** Problem description **
Would you return, word for word, the lines running from the one with "Полковник Данило Нечай." to the final line of the listing below, pictures omitted?

*** Provided data Section Begins ***

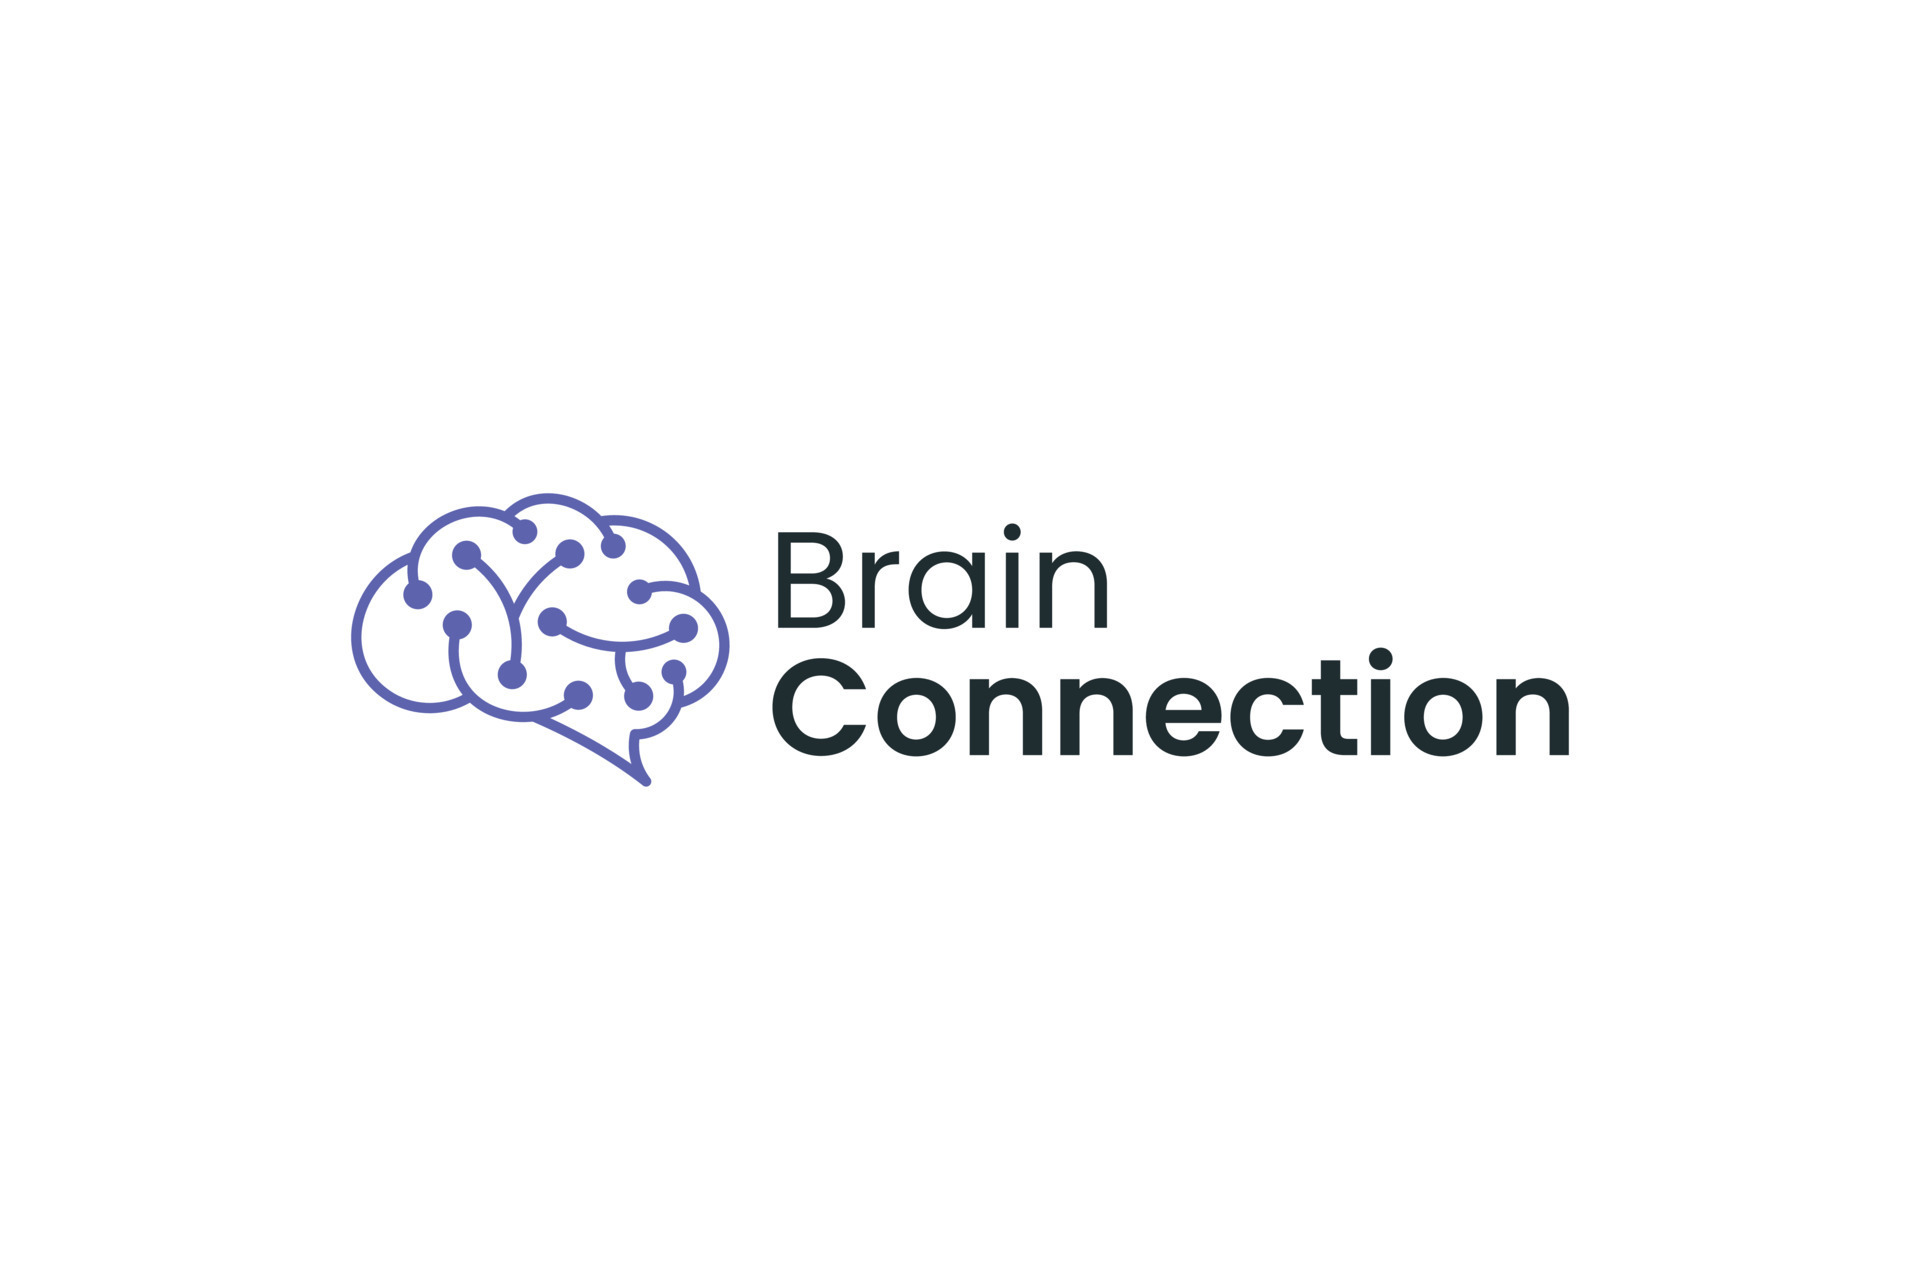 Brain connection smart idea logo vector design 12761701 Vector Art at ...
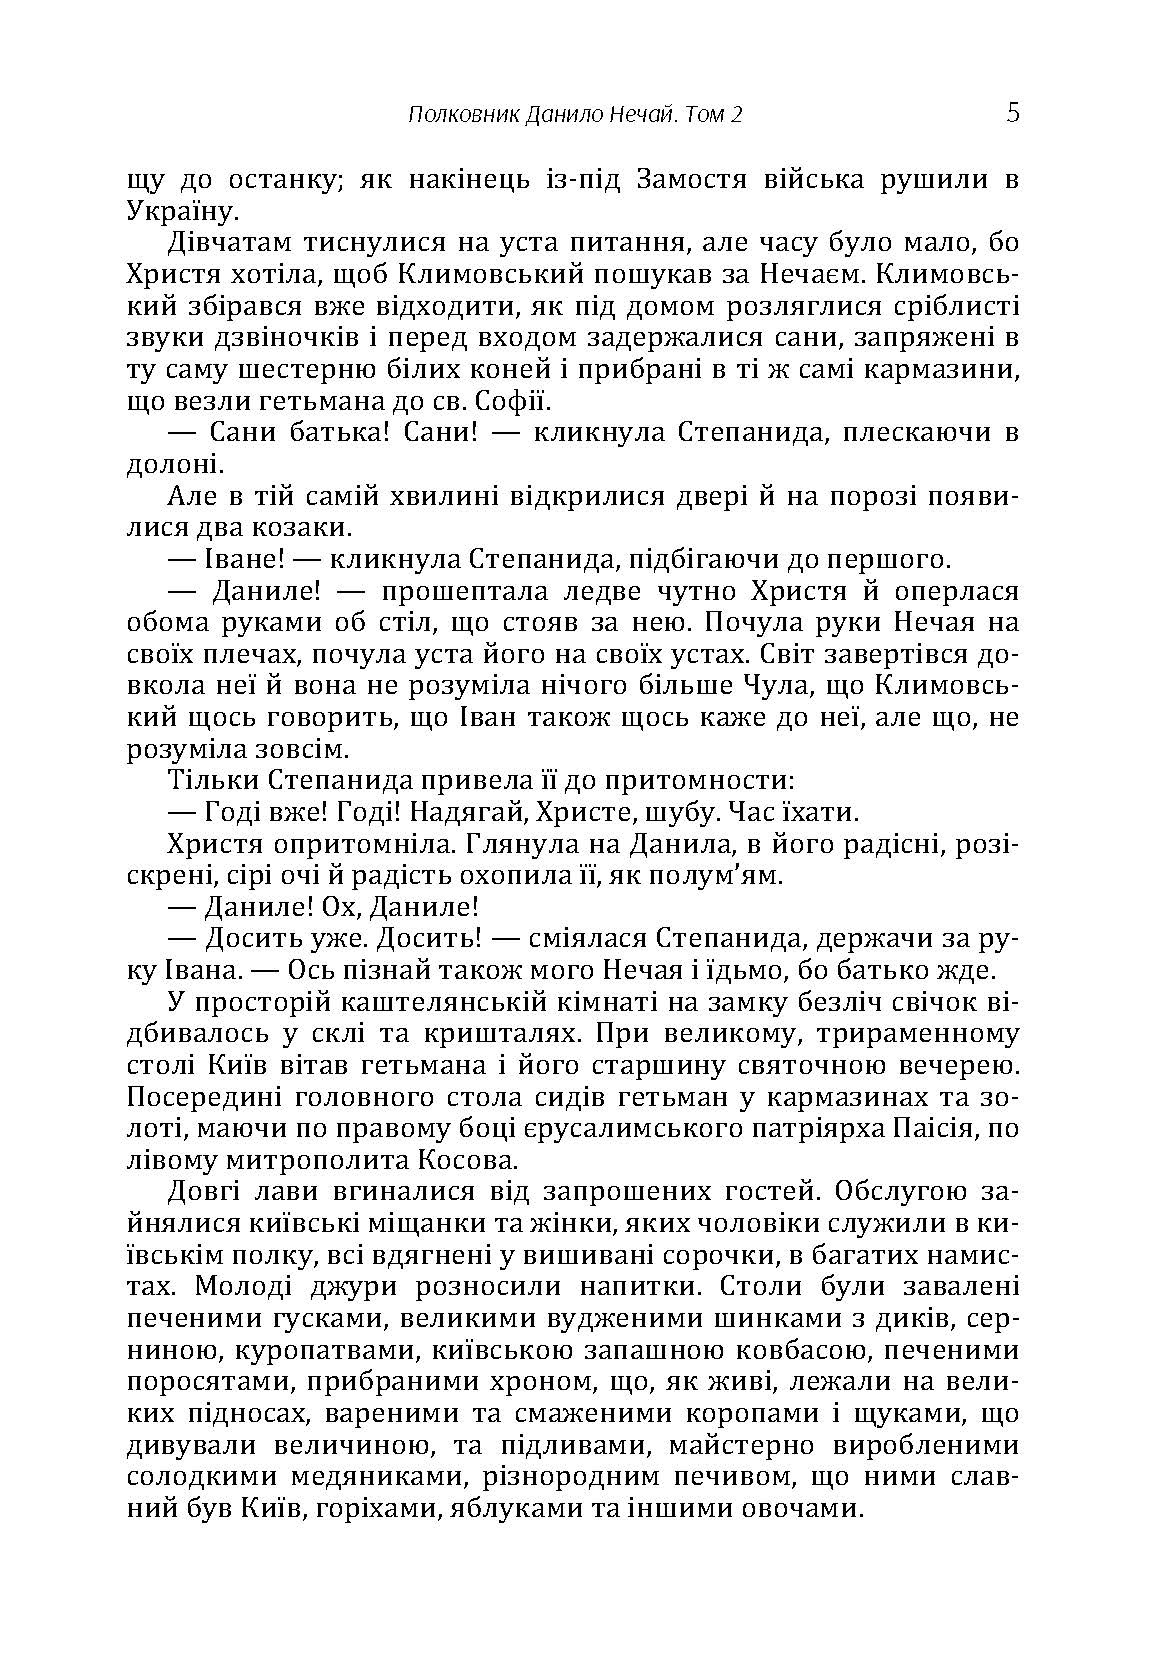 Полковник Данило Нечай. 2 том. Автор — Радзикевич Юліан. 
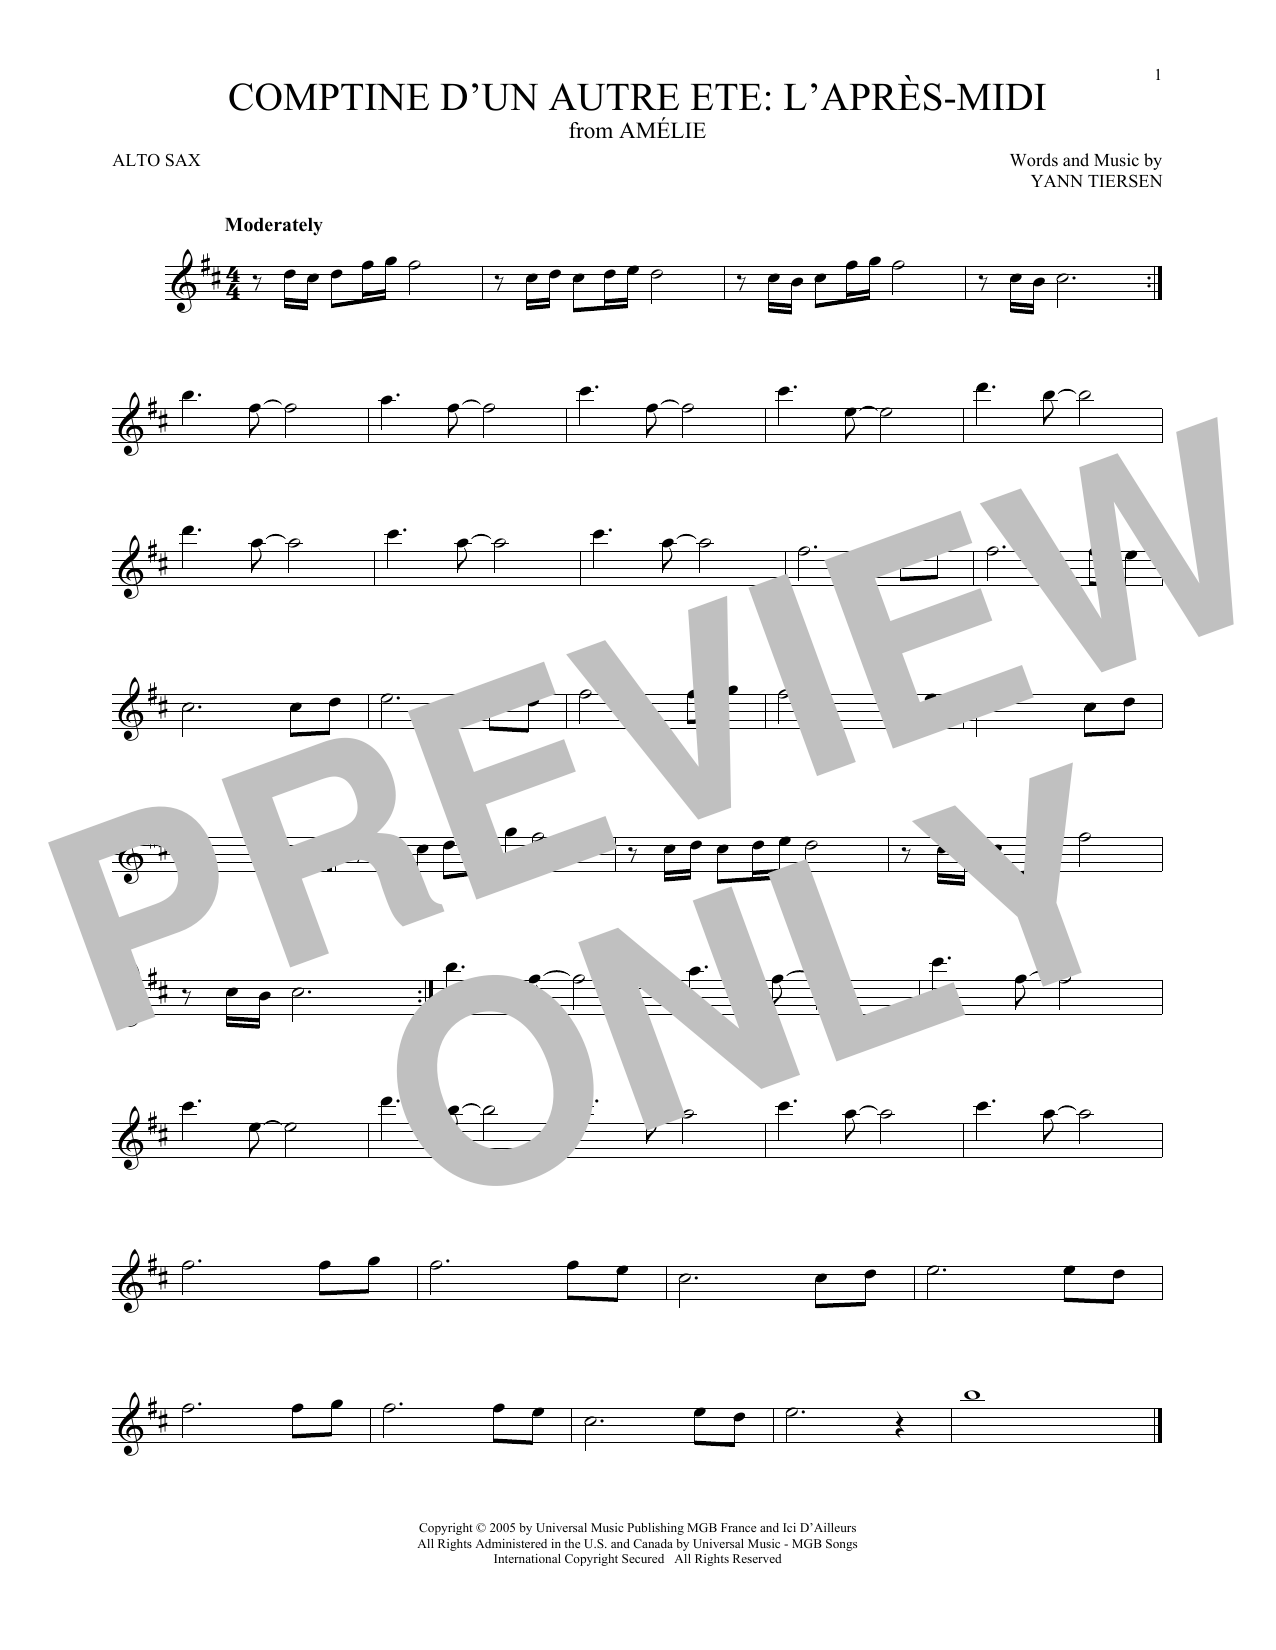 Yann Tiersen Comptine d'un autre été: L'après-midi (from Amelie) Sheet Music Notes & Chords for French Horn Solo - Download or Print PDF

*** Provided data Section Ends ***

** Reply to the task **
 Полковник Данило Нечай. 2 том. Автор — Радзикевич Юліан. 
 Yann Tiersen Comptine d'un autre été: L'après-midi (from Amelie) Sheet Music Notes & Chords for French Horn Solo - Download or Print PDF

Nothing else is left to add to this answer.